First of all, the researchers confirmed that hotter countries tend to have hotter foods.

"But our analysis gives no clear reason to believe that this is primarily a cultural adaptation to reduce the risk of infection from food," it said.

The researchers tried to approach the problem with elaborate statistics and looked there for connections.

It showed that the average number of spices in food has little to do with the prevailing local temperatures.

Biodiversity does not seem to play a major role either.

Whether more or less aromatic plants are grown in a region or whether they grow naturally there has no decisive influence on the traditional dishes of the region.

The researchers also recognized a connection when it comes to prosperity: rich nations use fewer spices.

Multiple causes, no clear answer

For their study, the scientists also looked at how closely the various kitchens had geographic and cultural relationships with one another.

But here, too, there were no decisive indications.

The causes for the use of spices seem to be very diverse.

It is difficult to tell the main causes apart, writes Bromham.

The study cannot give a clear answer.

The researchers saw clear health connections.

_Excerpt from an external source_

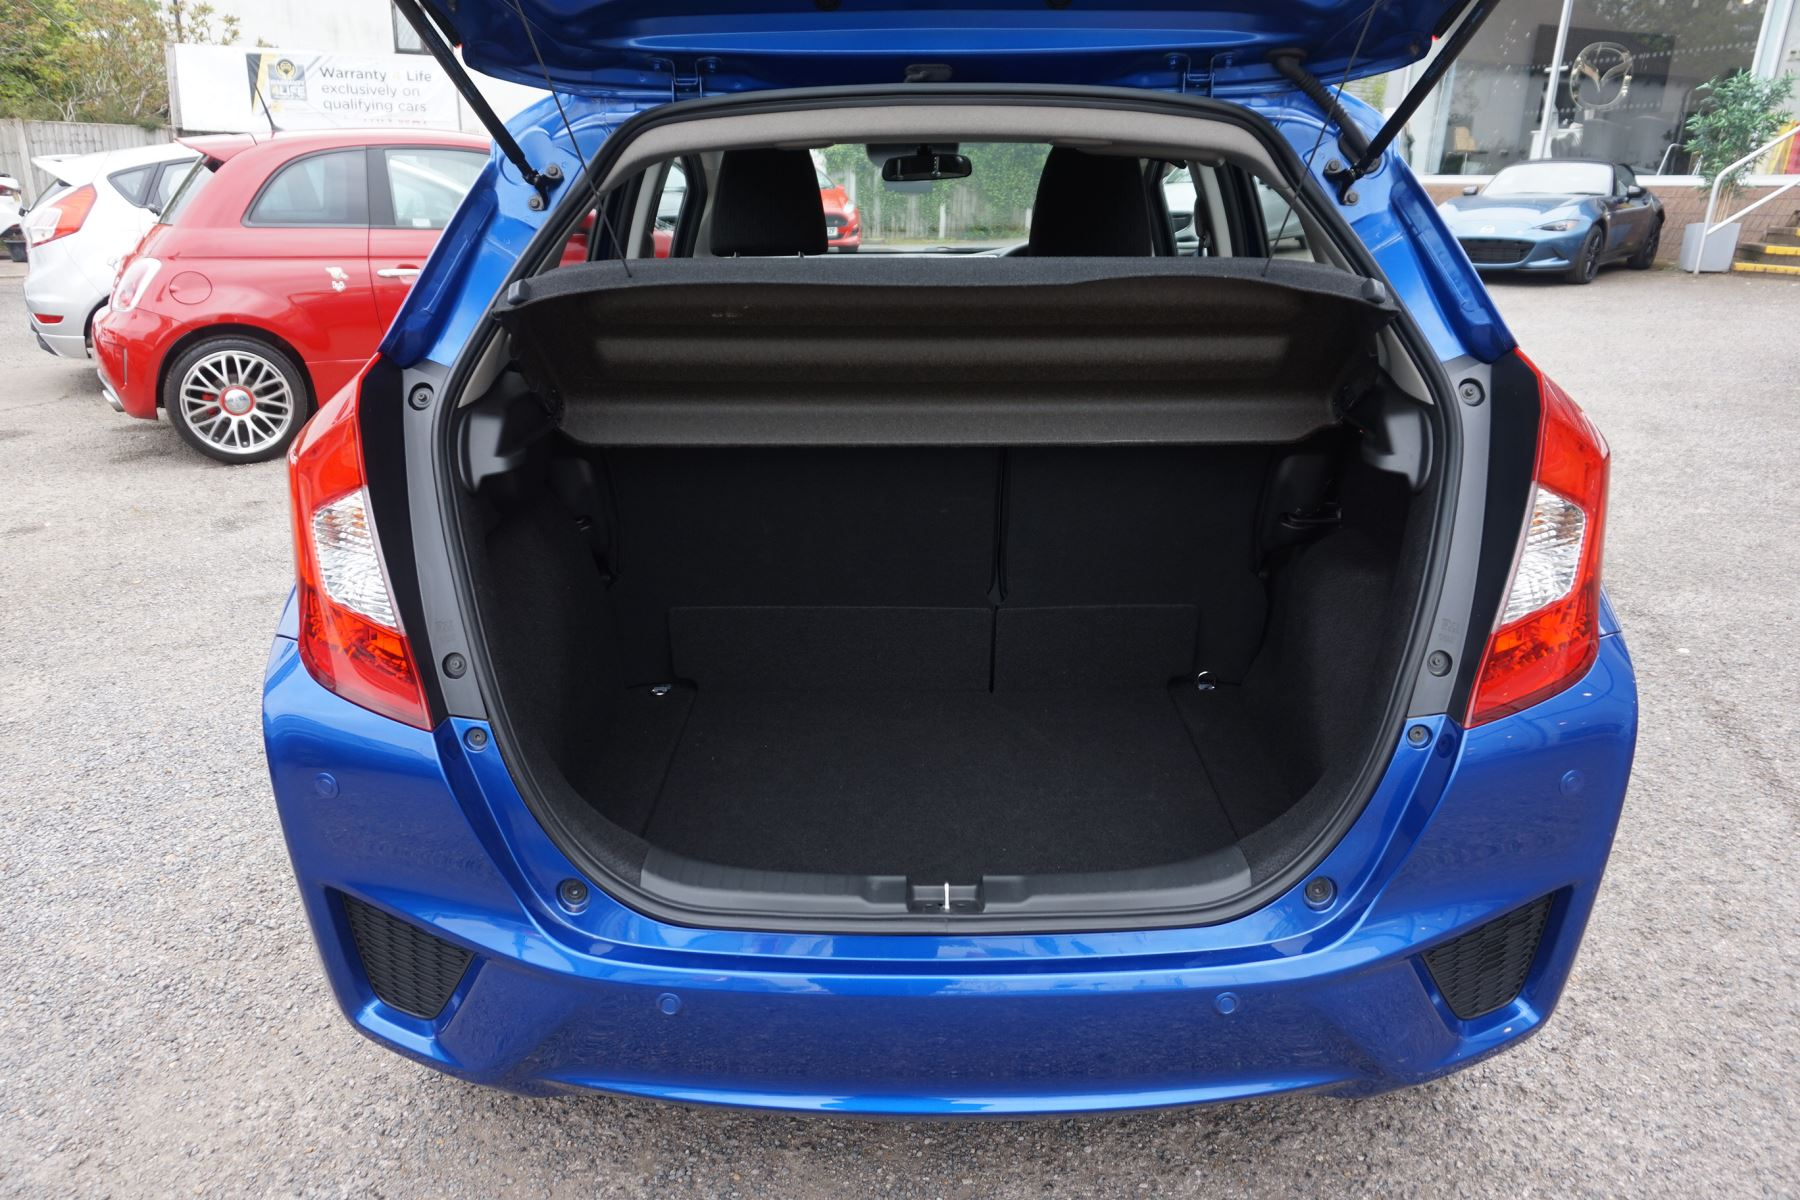 Honda Jazz 1.3 SE Navi CVT image 6
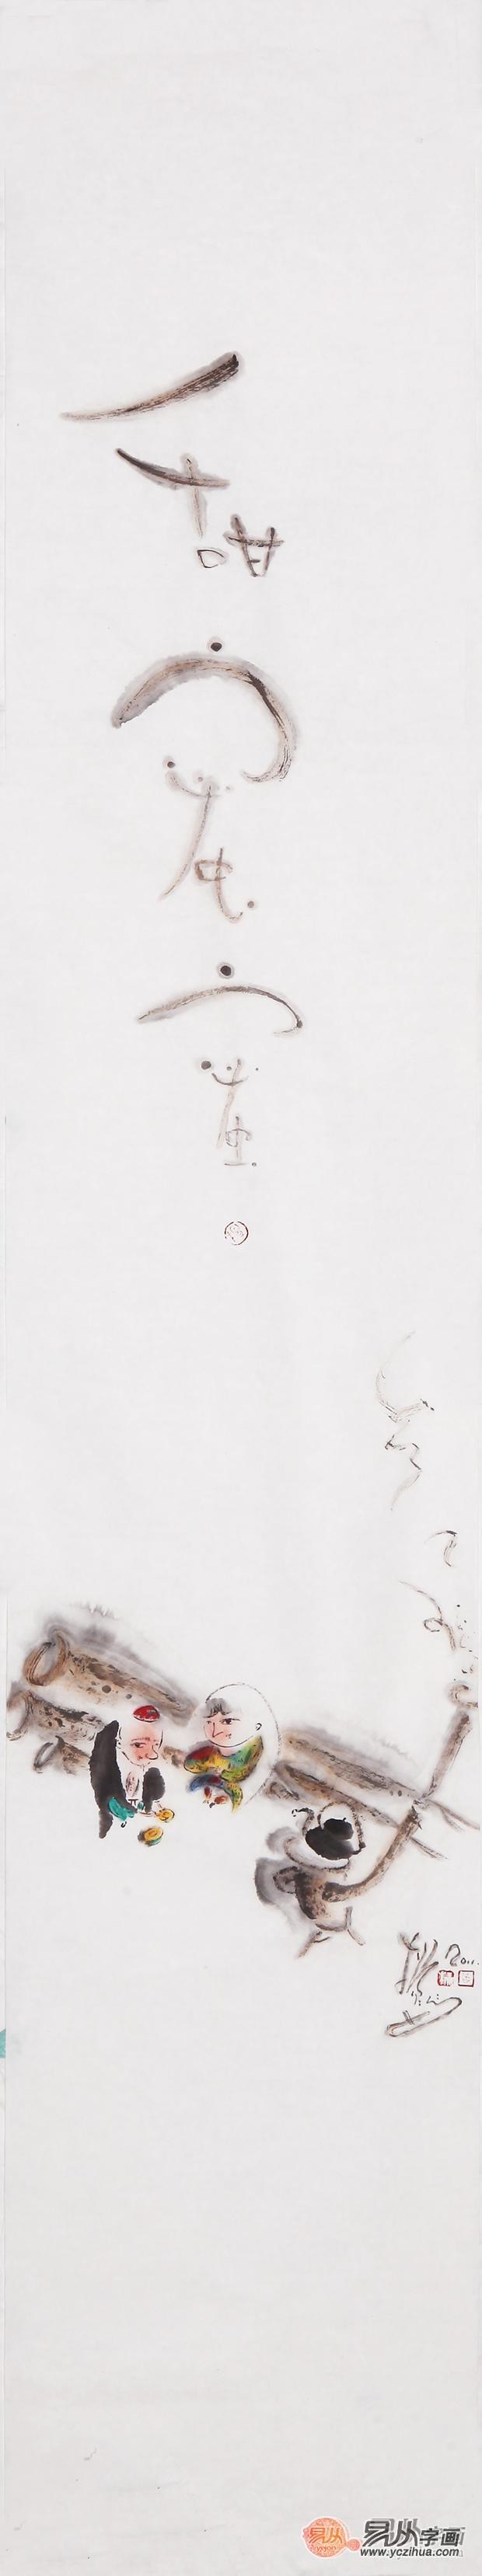 扬笛六尺对开人物画作品《甜蜜蜜》 风俗人物画

"There's a significant relationship between life expectancy and spicy foods," says Bromham.

In fact, studies have already shown that people who eat spicy foods more often live longer.

However, it remained unclear whether spices such as chilies, which are said to have health-promoting effects, are the cause of longer life.

Or whether people who happen to like to eat spicy are healthier for other reasons.

According to Bromham, at least in the statistics, there were also adverse effects in countries where spicy food is more common.

More people die there in car accidents.

But here, too, the researchers emphasize that there is no need to be linked to the consumption of more spices.

In the case of the chilli, it is primarily historical reasons that helped spread the plant.

It was known as a cultivated plant in the New World long before Christopher Columbus took it to Europe.

Peru and Bolivia are still known today for a large variety of chillies.

Portuguese traders brought the plant to India and Asia via Europe towards the end of the 15th century.

The fact that chilies are used there in the kitchen is more of a modern trend.